< Handelingen 21 >
1 En als het geschiedde, dat wij van hen gescheiden en afgevaren waren, zo liepen wij rechtuit en kwamen te Kos, en den dag daaraan te Rhodus, en van daar te Patara.
Neng damdi raajeng thiin eno kati. Ju adi phangla ih daan jopkaat eno, Kos ni thok tahe, erah saalih adi Rhodes ni, erah dowa ih Patara ni kati.
2 En een schip gevonden hebbende, dat naar Fenicie overvoer, gingen wij er in en voeren af.
Erah ni kah eno Phoenesia ni wangte juukaari esiit japtup kati, erah di duukah eno daansoon wangti.
3 En als wij Cyprus in het gezicht gekregen, en dat aan de linker hand gelaten hadden, voeren wij naar Syrie, en kwamen aan te Tyrus; want het schip zoude aldaar den last ontladen.
Erah di Kipras ah japtup kati, juumeh ko ih Siria ni daanjoop wanti. Tair hah adi juukaang ko wang eno, juukaari ah ih huikhaak loong ah datthiin eta.
4 En de discipelen gevonden hebbende, bleven wij daar zeven dagen; dewelke tot Paulus zeiden door den Geest, dat hij niet zou opgaan naar Jeruzalem.
Erah hah adi hanpiite loong ah damdi sa sinat tongthiinti. Chiiala chaan nawa ih Pool suh neng ih Jerusalem nah nak kaat theng ngeh ih baat rumta.
5 Toen het nu geschiedde, dat wij deze dagen doorgebracht hadden, gingen wij uit, en reisden voort; en zij geleidden ons allen met vrouwen en kinderen tot buiten de stad; en aan den oever nederknielende, hebben wij gebeden.

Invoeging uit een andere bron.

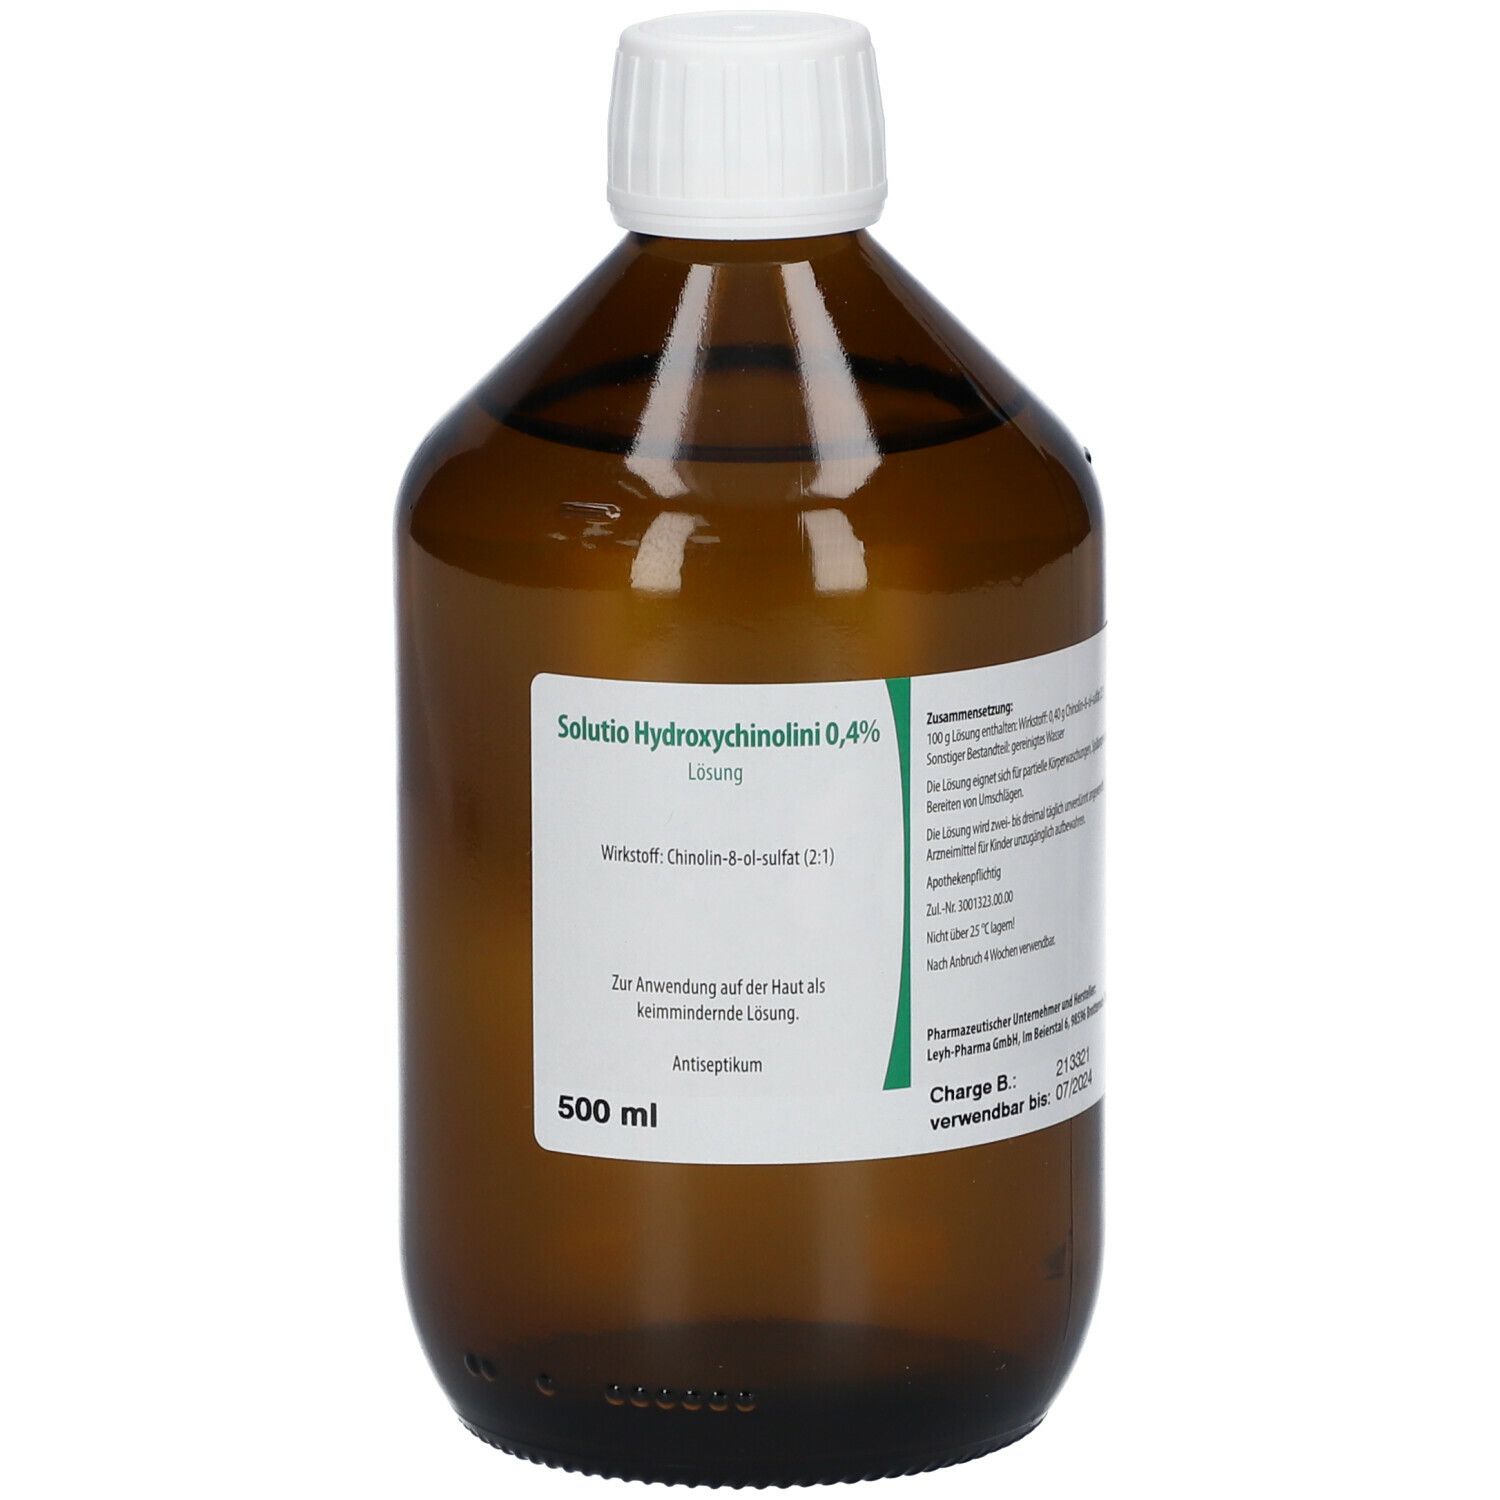 Solutio Hydroxychinolini 0,4%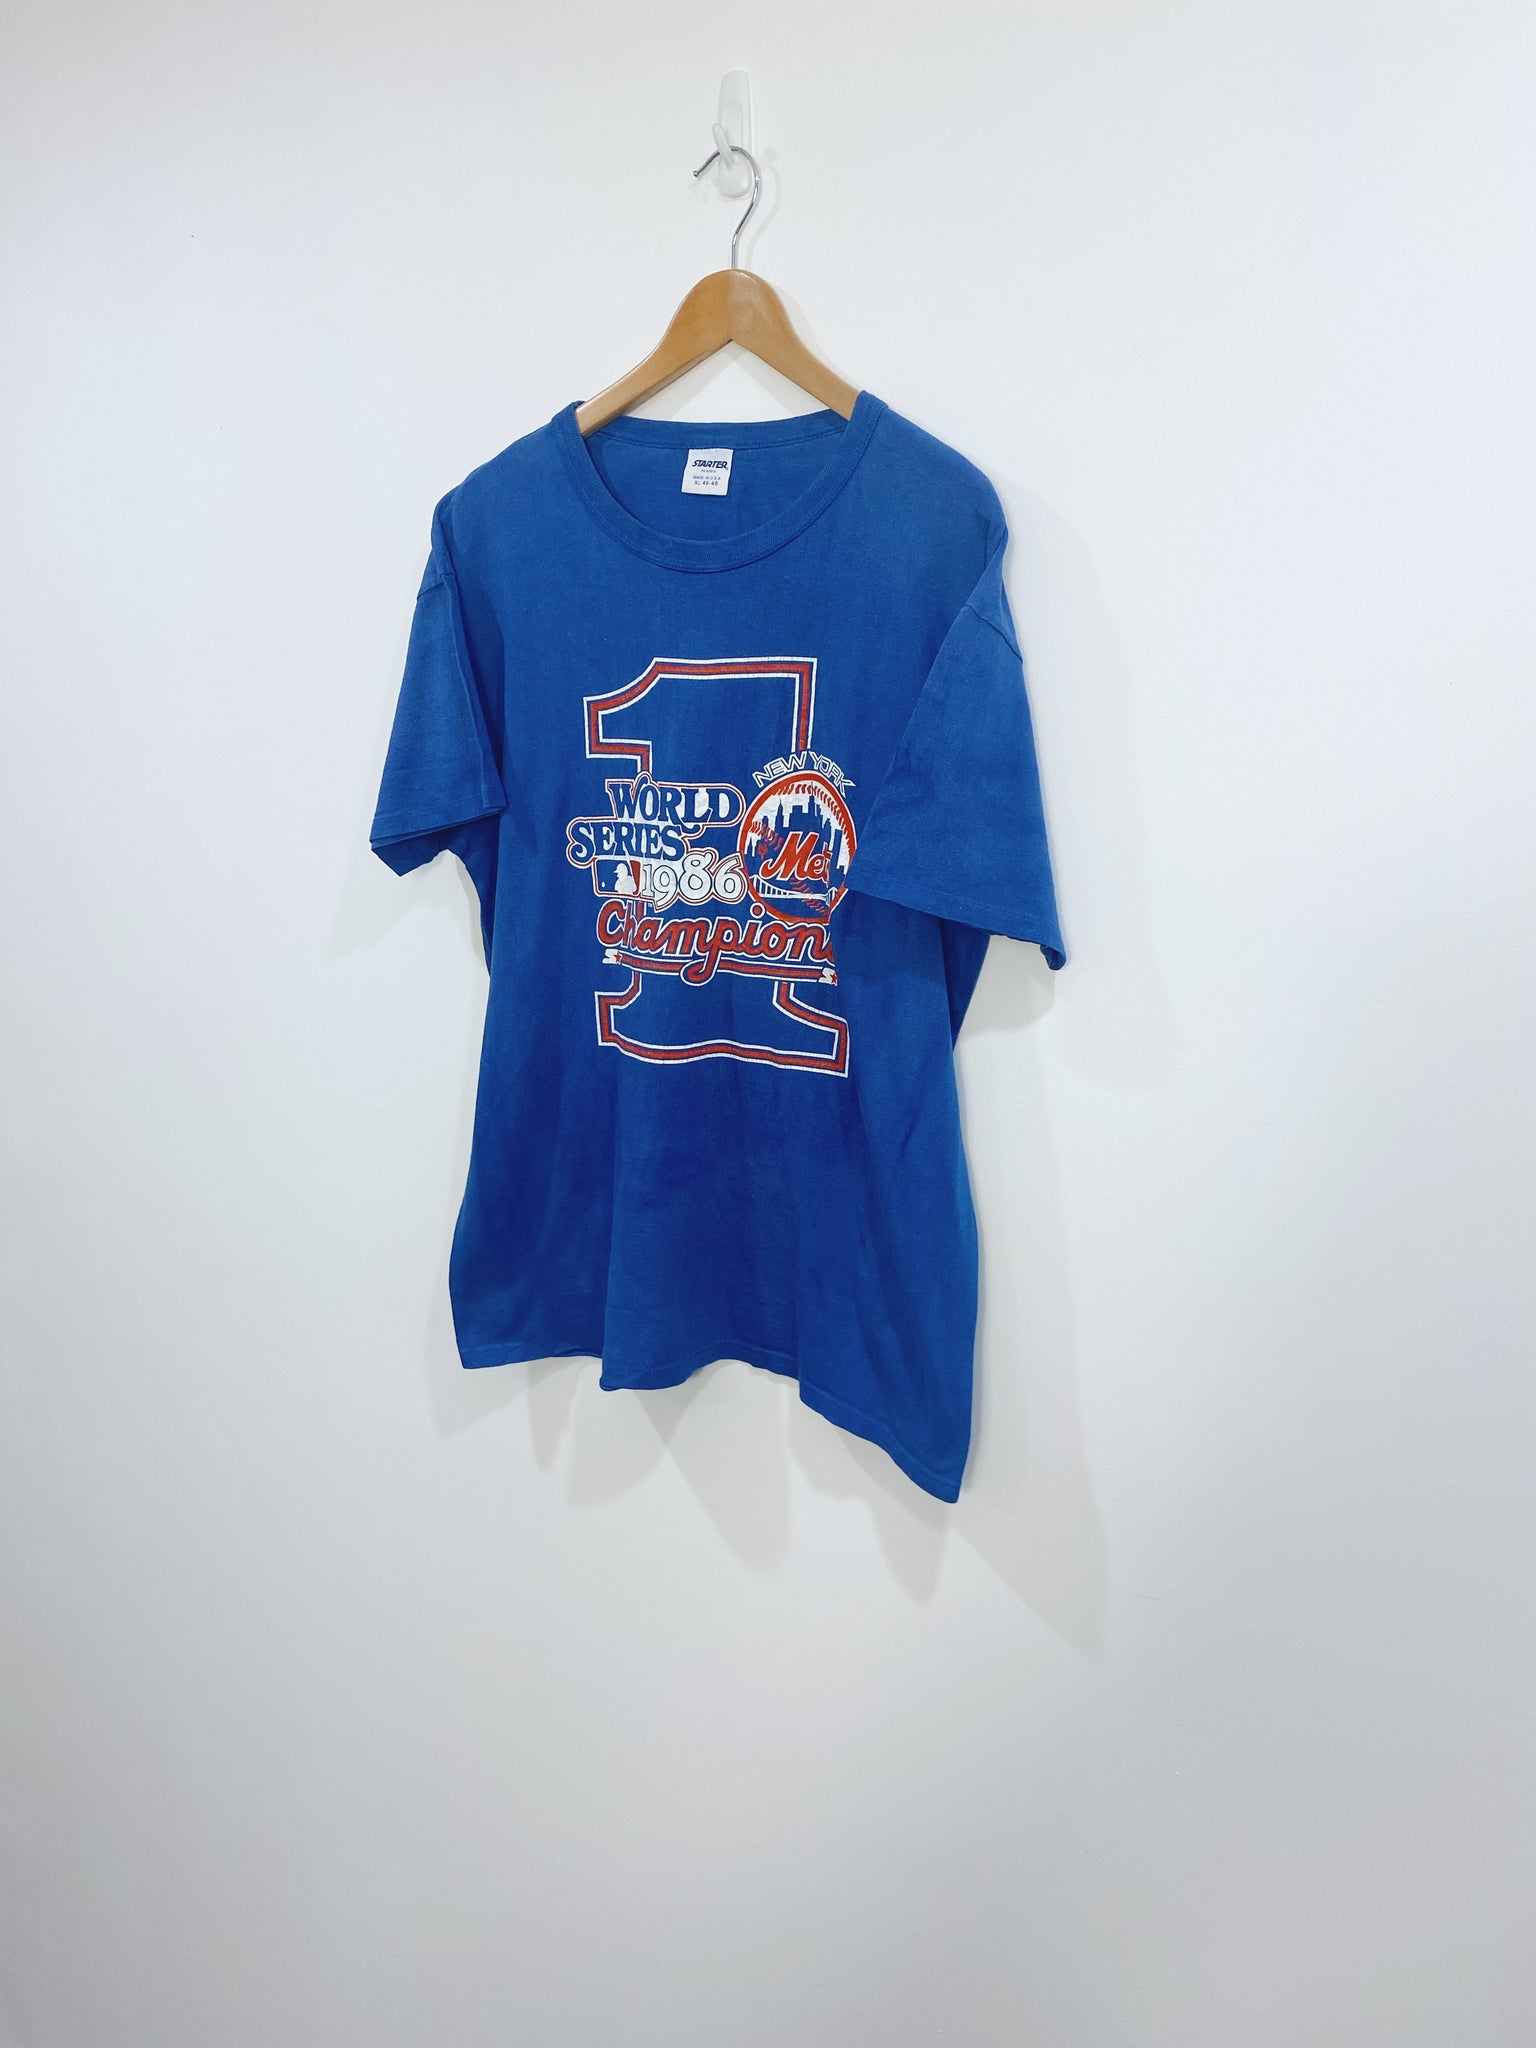 Vintage 1986 New York Mets Championship T-shirt M

Enoothong neng damdi jen roong tongthiin eno, seng kaat theng lamko ih dokchap kati. Samnuthung dowa miloong ah neng sanuh nyia neng sah loong ah siit ano juukaang adi roongra rum taha, erah di seng lakuh ni tong eno rangsoomti.
6 En als wij elkander gegroet hadden, gingen wij in het schip; maar zijlieden keerden wederom, elk naar het zijne.
Eno seng loong ah raajeng mui eno, juukaari ni toon du ti neng ah engaak wang ih rumta.
7 Wij nu, de scheepvaart volbracht hebbende van Tyrus, kwamen aan te Ptolemais, en de broeders gegroet hebbende, bleven een dag bij hen.
Seng Tair dowa juulam ih karoh karoh eti eno Ptomais ni tong kati, erah ni hanpiite loong asuh jengse ah ra eno sasiit tong kati.
8 En des anderen daags, Paulus en wij, die met hem waren, gingen van daar en kwamen te Cesarea; en gegaan zijnde in het huis van Filippus, den evangelist (die een was van de zeven), bleven wij bij hem.
Erah saalih adi dokchap eno Kaiseria ni thokti. Erah ni Ewanjelist Philip nok ni jam kati, wasinat tung dowa heh Jerusalem ni tongte kristaan loong chosokte danje dowa.
9 Deze nu had vier dochters, nog maagden, die profeteerden.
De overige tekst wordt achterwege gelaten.